There is apparently no end in sight to the deterioration of the J.Crew brand.
Same-store sales plummeted 12% at J.Crew’s namesake brand in the third quarter and the parent company said on Tuesday it expected to close 50 stores this year, up from a forecast of 30 just three months ago. But such is the tailspin its sales are in.
Business at sister chain Madewell, was brisk, with comparable sales up 13%, but the brand is too small in relation to J.Crew to mitigate the flagship brand’s deepening woes. J. Crew Group as a whole said comparable sales fell 9%, a result likely to extend the turmoil the brand has found itself in for the last two years.
The results are all the more distressing given that some of its apparel-chain rivals are showing improvements in their business. Inc’s namesake brand last week reported its first quarter of comparable sales gains, breaking a 14-quarter streak without growth.

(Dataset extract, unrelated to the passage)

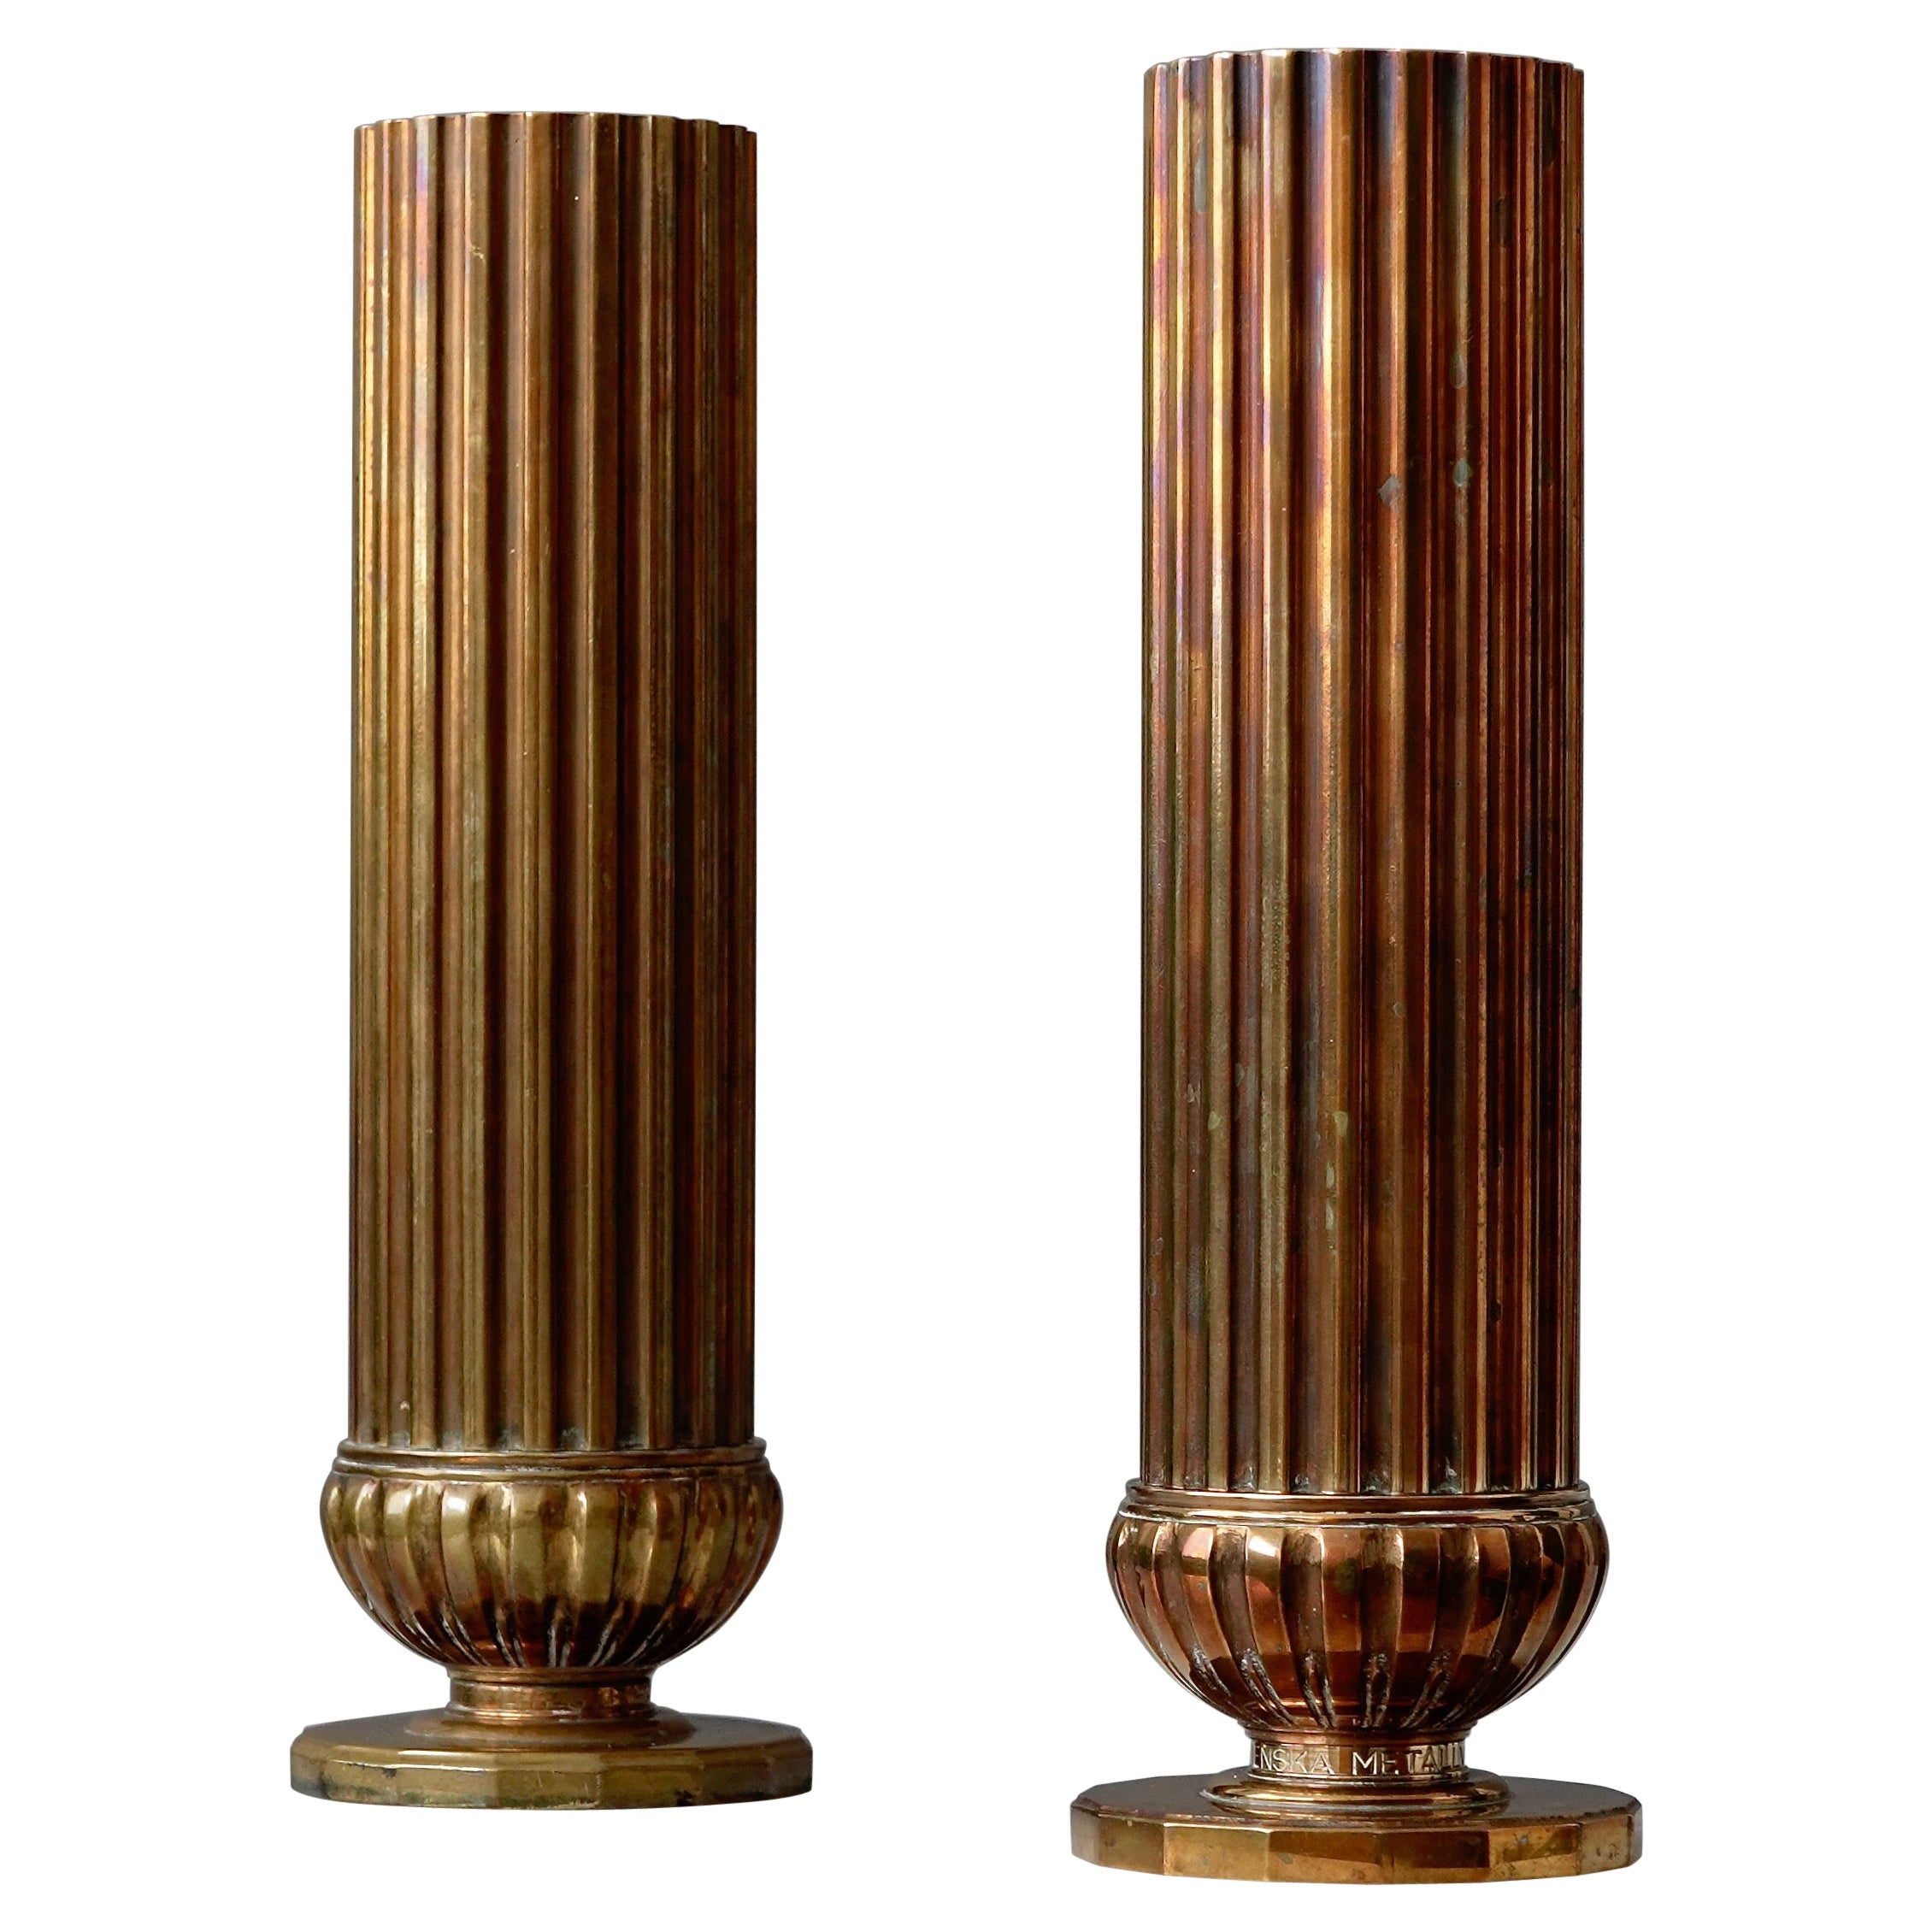 A pair of Bronze Art Deco Vases by SVM Handarbete, Sweden, 1930s

Abercrombie & Fitch last week said comparable sales, including those for Hollister, rose 4% last quarter.
But at J.Crew brand, shoppers remain AWOL. The chain has been trying to carve out a new space for itself in shoppers’ intentions, hurt by years of fashion misfires, uneven quality, and what many consumers perceived as overly high prices. The steep sales decline is a major setback for Chief Executive Officer James Brett, the former Williams-Sonoma executive who earlier this year replaced iconic leader Mickey Drexler. This year alone saw the departures of lead designer Somsack Sikhounmuong, and creative director Jenna Lyons, the latter staying on as an advisor through the end of 2017.
What’s more, J.Crew has had to contend with pressure from fast fashion chains like H&M and Zara, and overall consumer boredom with all the choices of fashion options. J.Crew hurt itself by confusing shoppers by oscillating between affordable yet preppy clothes and higher end items. J.Crew's private equity owners, TPG Capital and Leonard Green & Partners, took a $1 billion write-down in two years ago because of the faltering of the brand.